Anyway, back to the Lord Chief Justice.
He concluded his lecture with this;
"My first ten years at the Bar were spent in Admiralty practice, where my staple diet was salvage. Alternatives to custody involve another kind of salvage.
I believe that the exercise is enormously worth while in the interests of all of us and I commend it to you.
This is a public lecture. It may be reported. If so, I would like to think that it will be reported fairly. That would, I must accept, be something of a novelty.
Last autumn the Sentencing Guidelines Council, which I chair, published draft guidelines in respect of robbery. These stated that the starting point in relation to robbery should almost always be a custodial sentence – a long one where serious violence or injury was involved. There was one exception to this, in the case of young first offenders using minimal force or threat of force. This earned me the headline in one tabloid, in letters an inch high, RIDICULOUS followed by ‘Muggers must not be sent to prison says our new Lord Chief Justice’
This evening I have not been talking about serious or violent criminals.
I have been talking about the large number of inadequate or damaged members of society for whom minor criminality is the only way of life they know. Short spells of imprisonment followed by re-offending is an expensive and ineffective way of dealing with these.

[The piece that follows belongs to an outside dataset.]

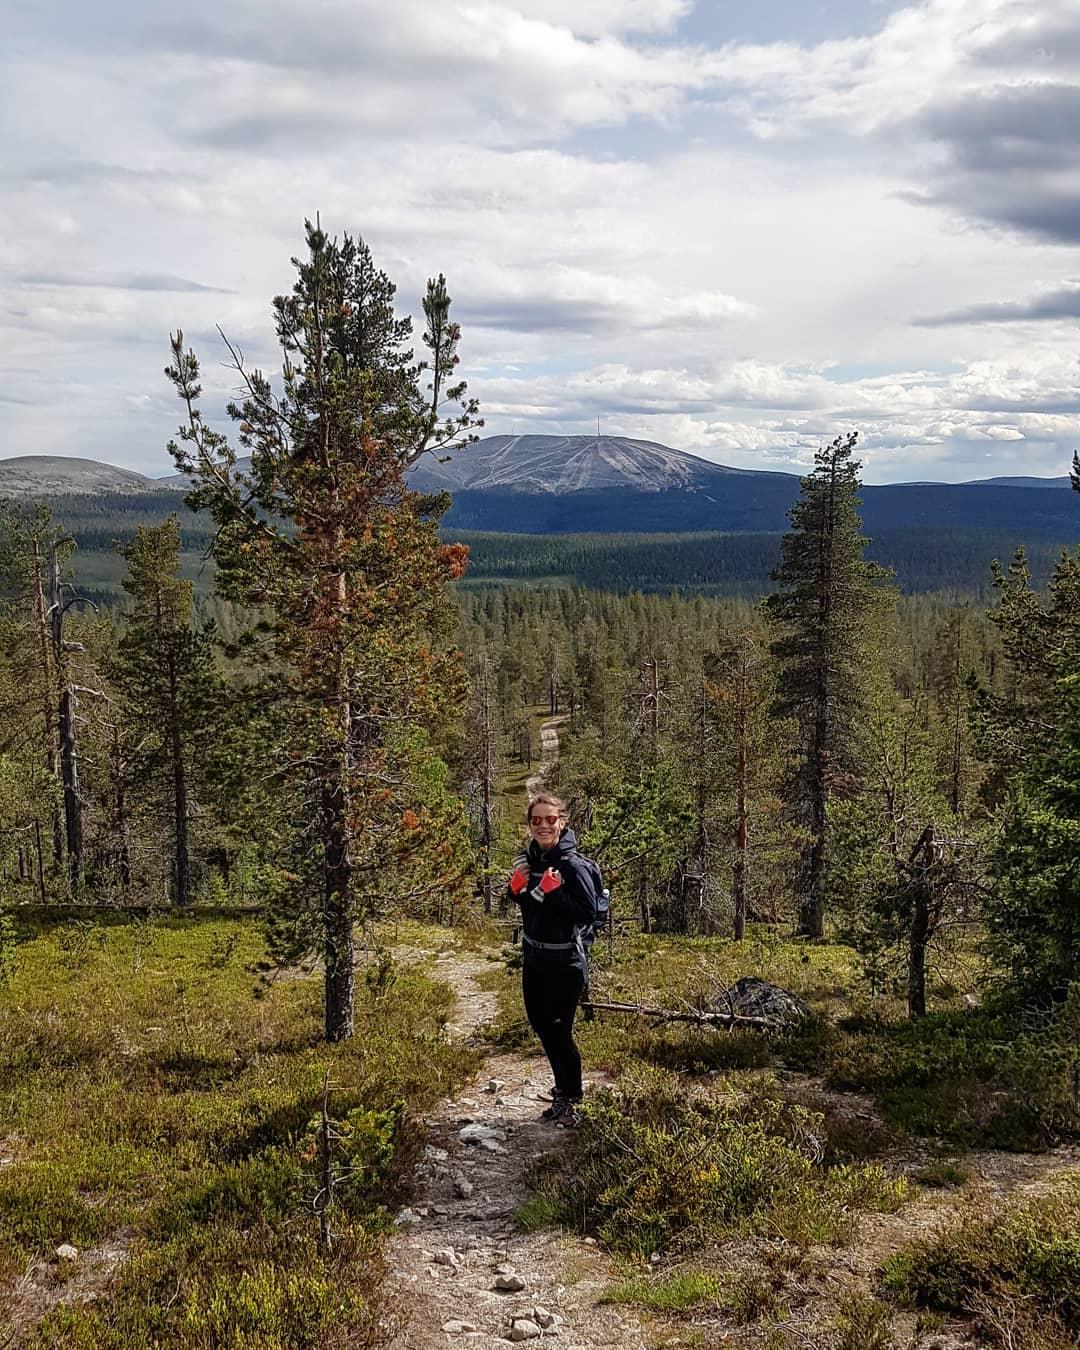 Minna ylläs Fell Lapland äkäslompolo FInland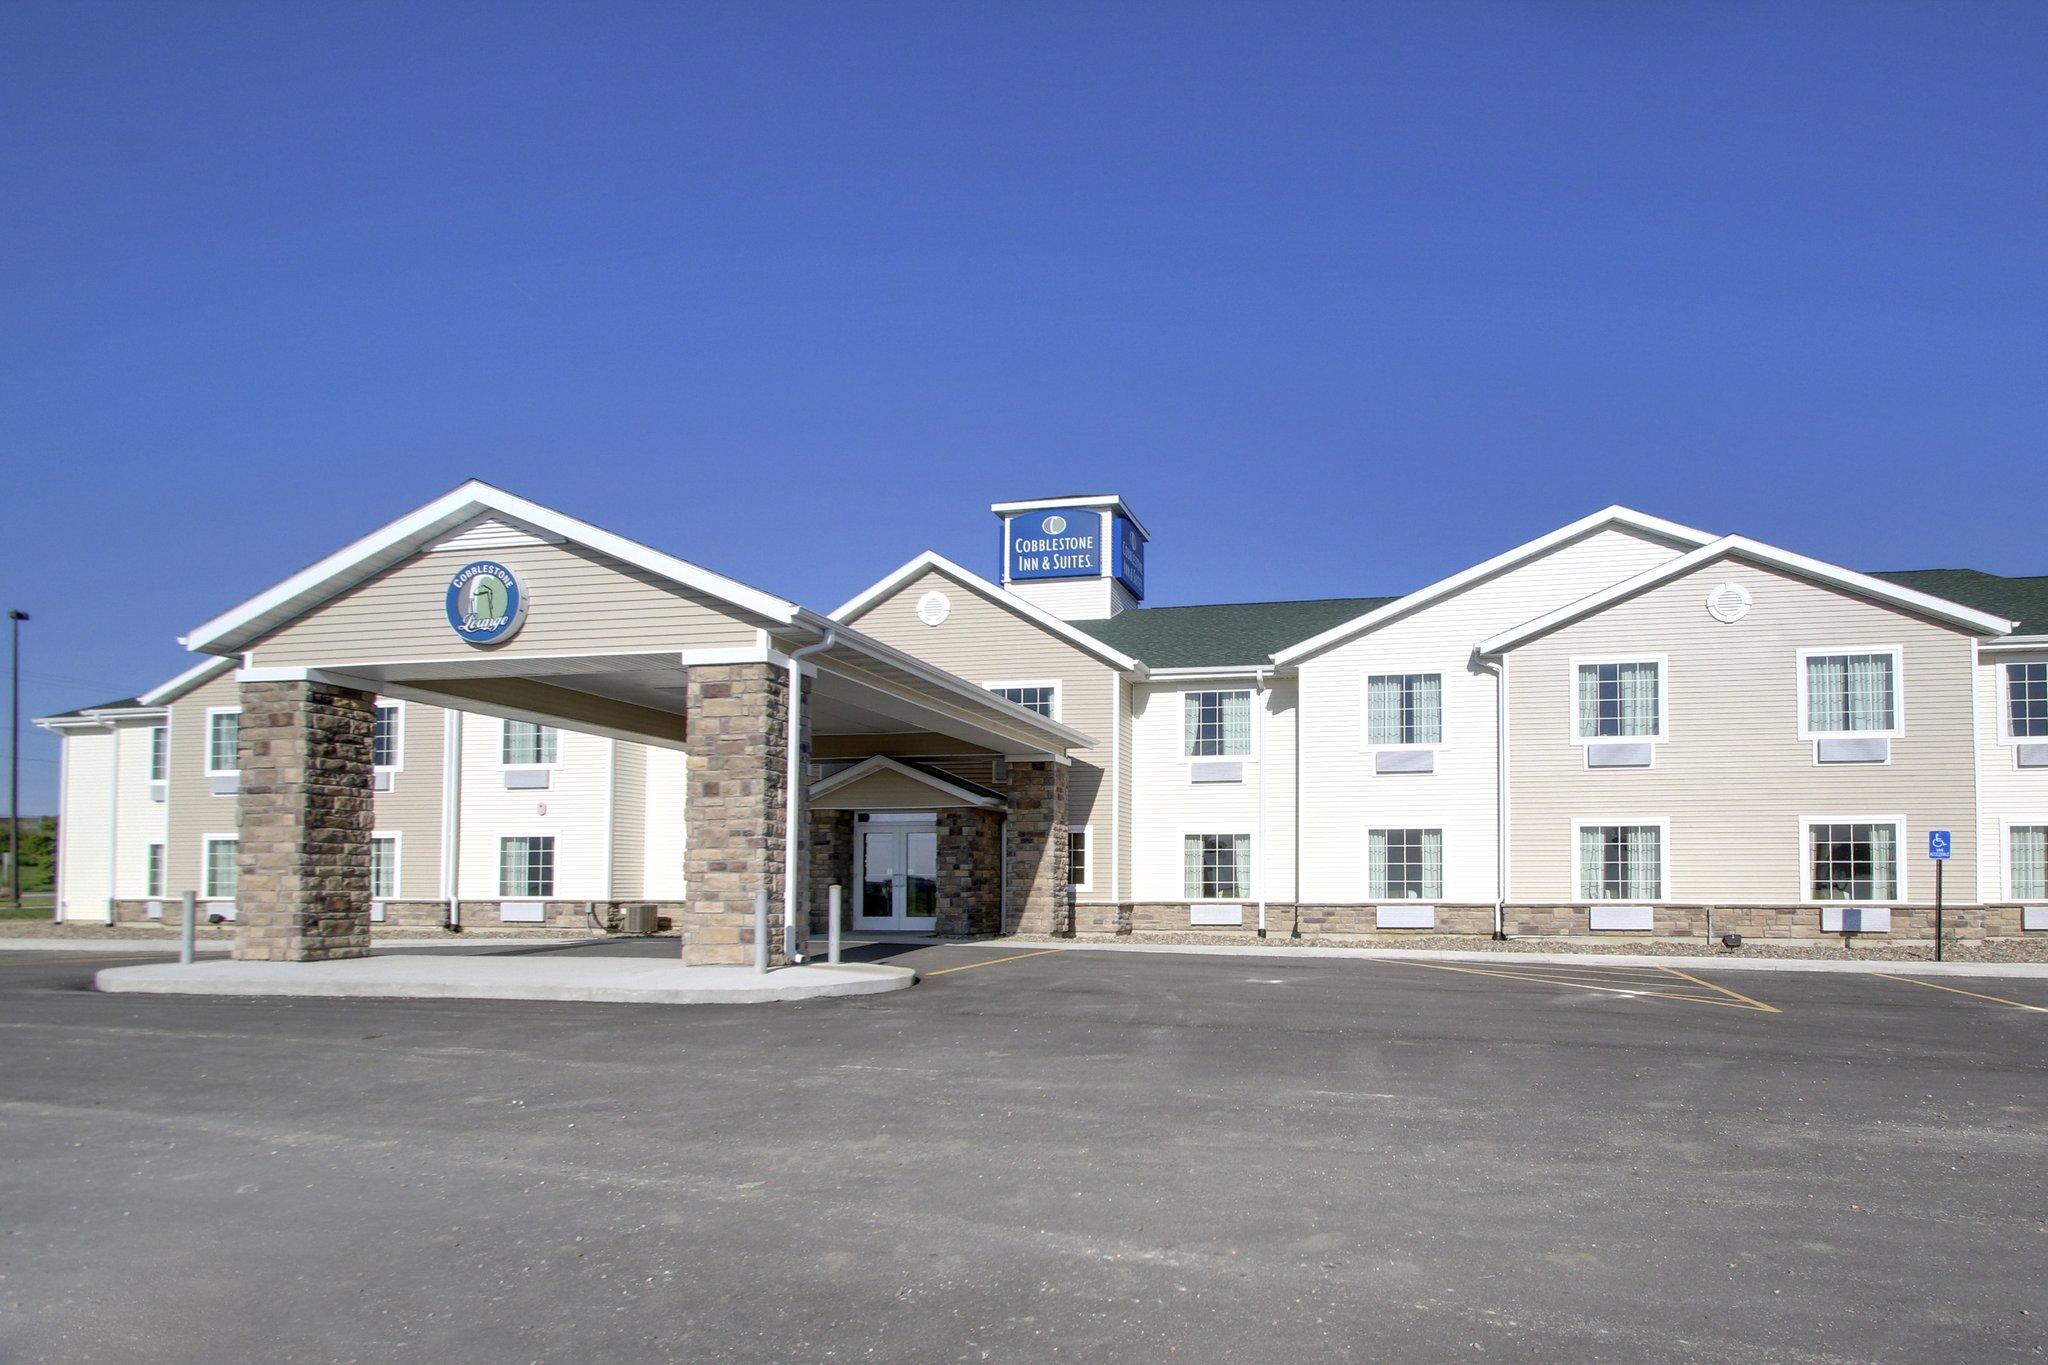 Avoca, IA - Cobblestone Inn & Suites

Meaningful punishment in the community, coupled with a proper programme of rehabilitation, properly resourced and managed, must be the better option."
Andrew Keogh, a most experienced criminal defence solicitor commented on the speech:
"Anyone experienced in the daily diet of misery that comes before the lower courts day in, day out, will take some comfort from the sentiments expressed; one can only hope that magistrates' (and some Judges), still often obsessed with the preceived effectiveness of short custodial sentences, will take note. It would appear that the failings of community sentences are probable due to inadequate resources - if that is correct it seems a folly to try and correct the situation with a more expensive prison option."
Even though Home Office research has shown this to be true, I somehow can't see "Dr" John Reid, our new Home Secretary, expressing these sentiments.